↓↓↓

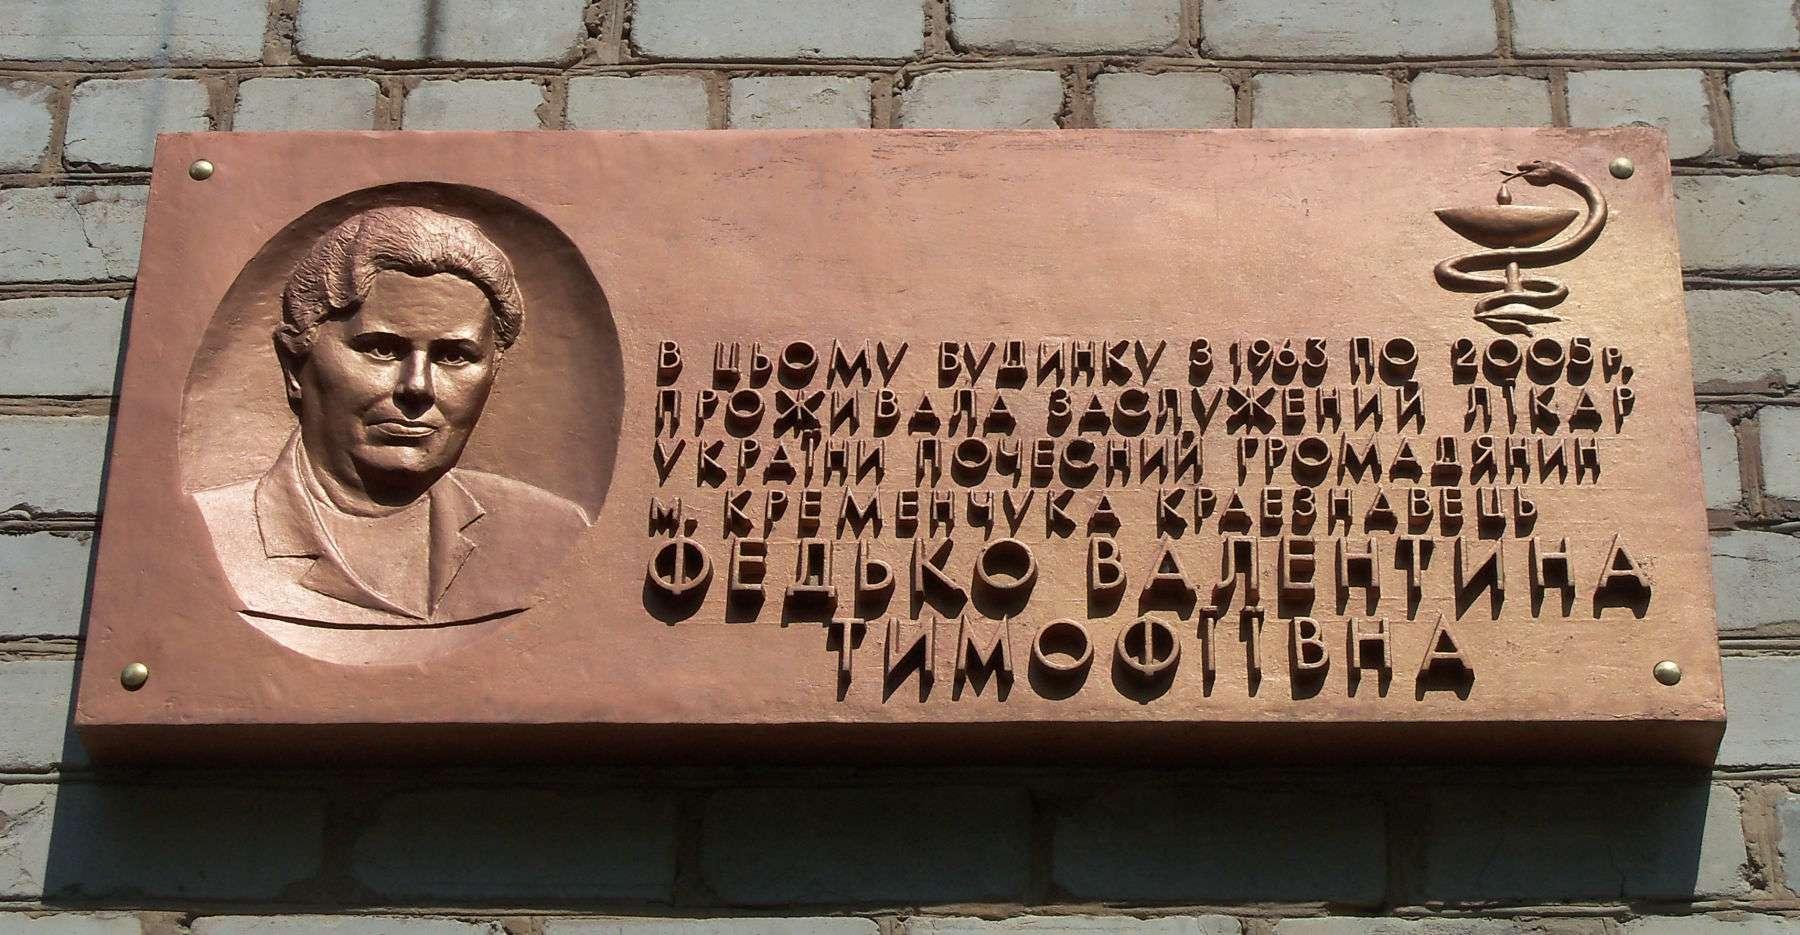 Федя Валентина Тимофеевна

↑↑↑
↓↓↓

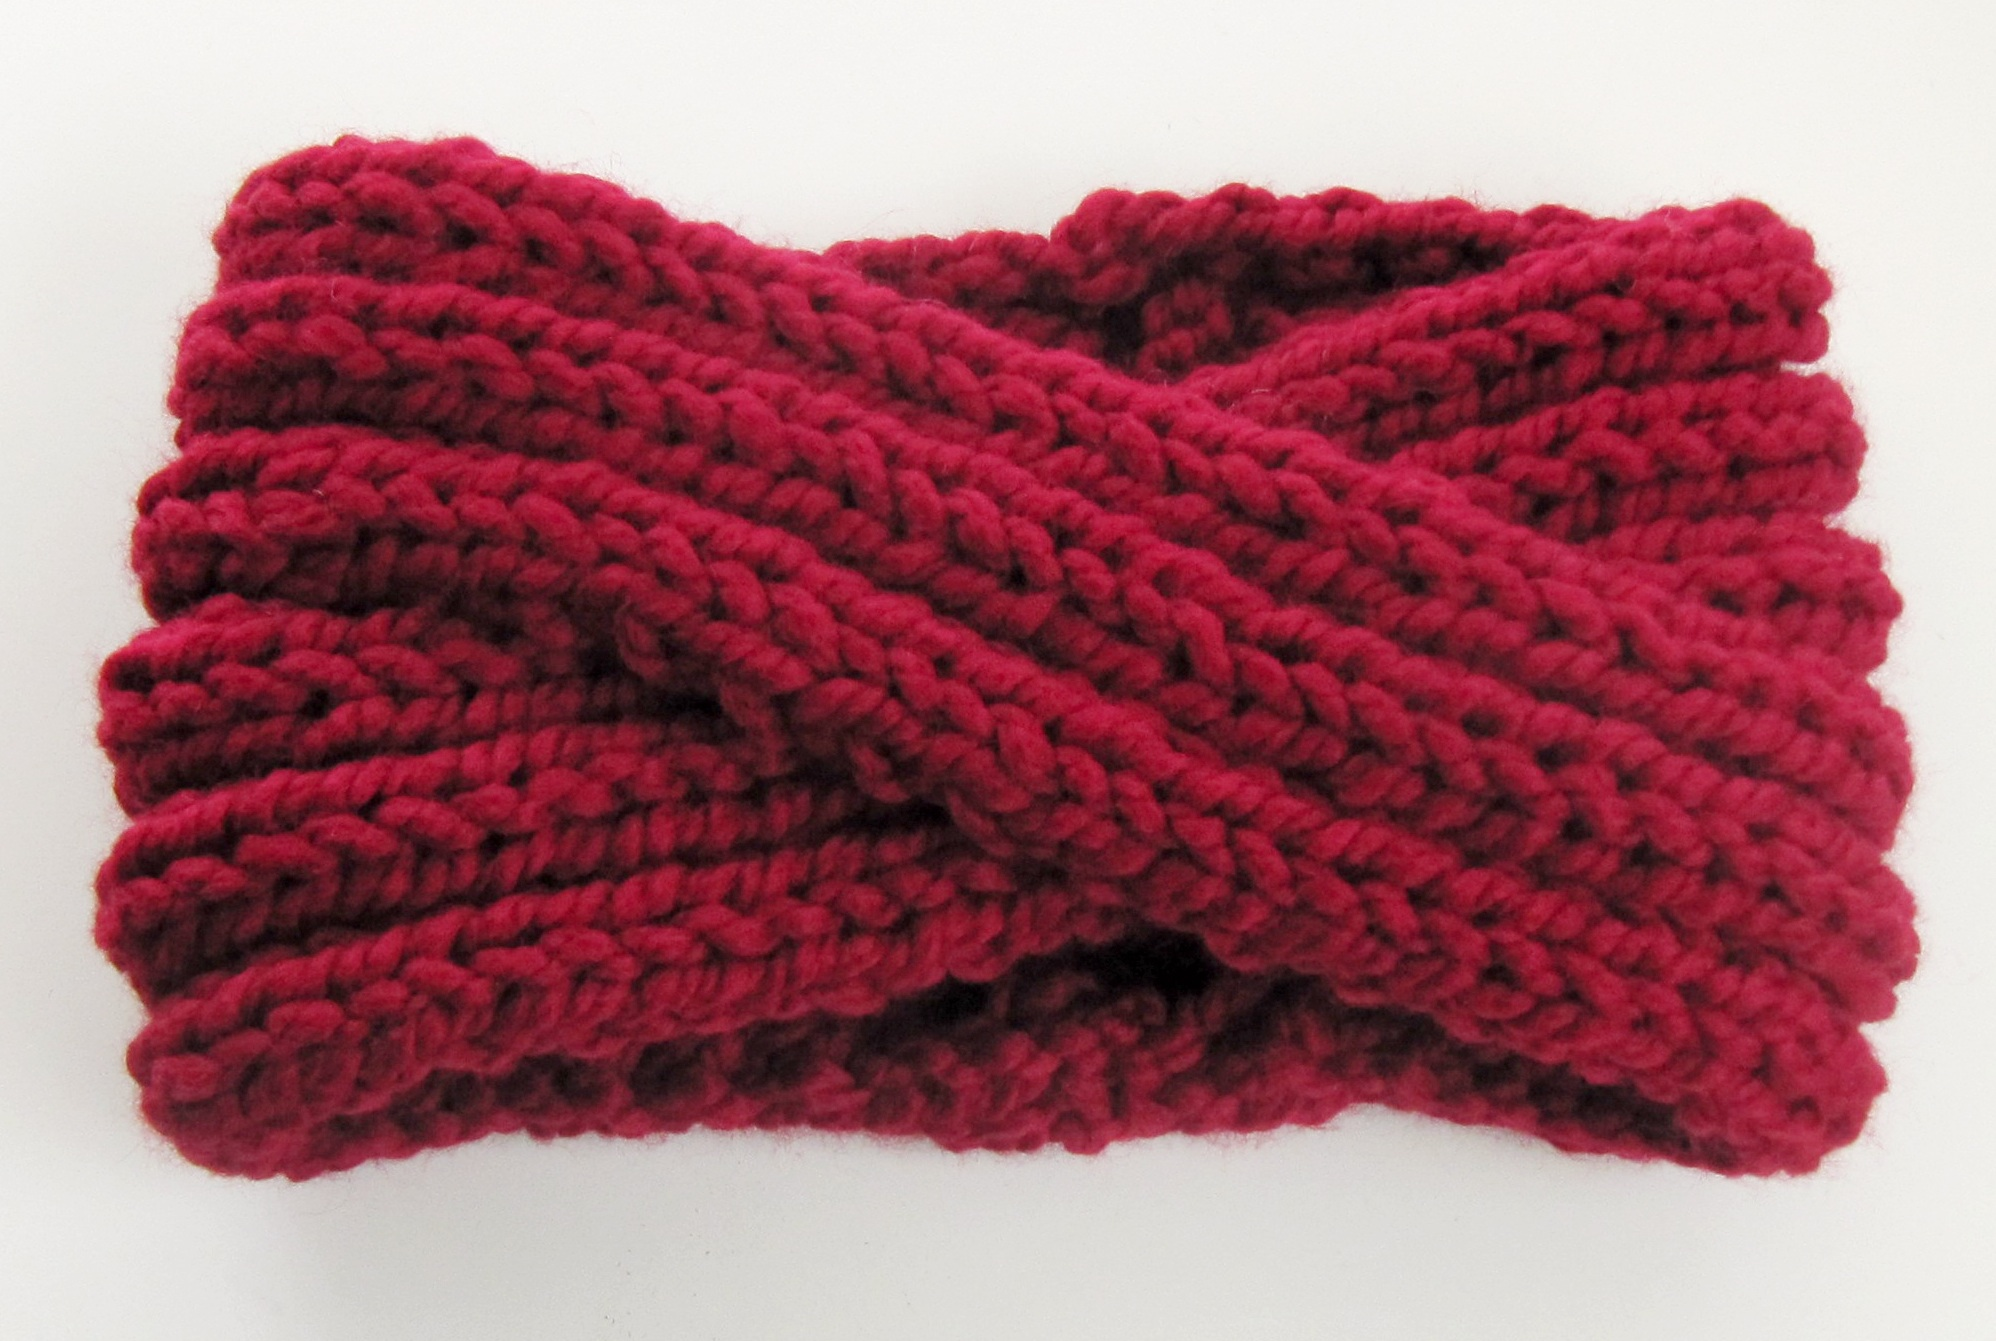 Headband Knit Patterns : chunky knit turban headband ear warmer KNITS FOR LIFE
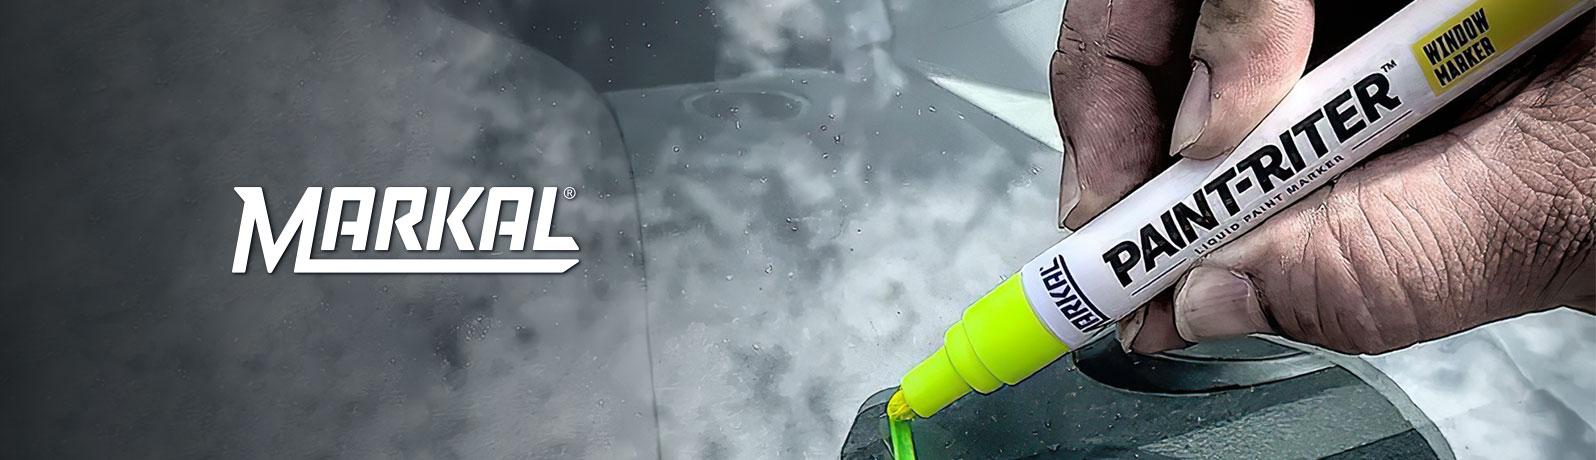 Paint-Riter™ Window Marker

↑↑↑

*What is being asked*
Pictures are to be left out. Write out only the lines above starting at the one with "Headband Knit Patterns" and ending at the one with "Paint-Riter™ Window Marker", both lines included, exactly.

*Final answer*
 Headband Knit Patterns : chunky knit turban headband ear warmer KNITS FOR LIFE
 Paint-Riter™ Window Marker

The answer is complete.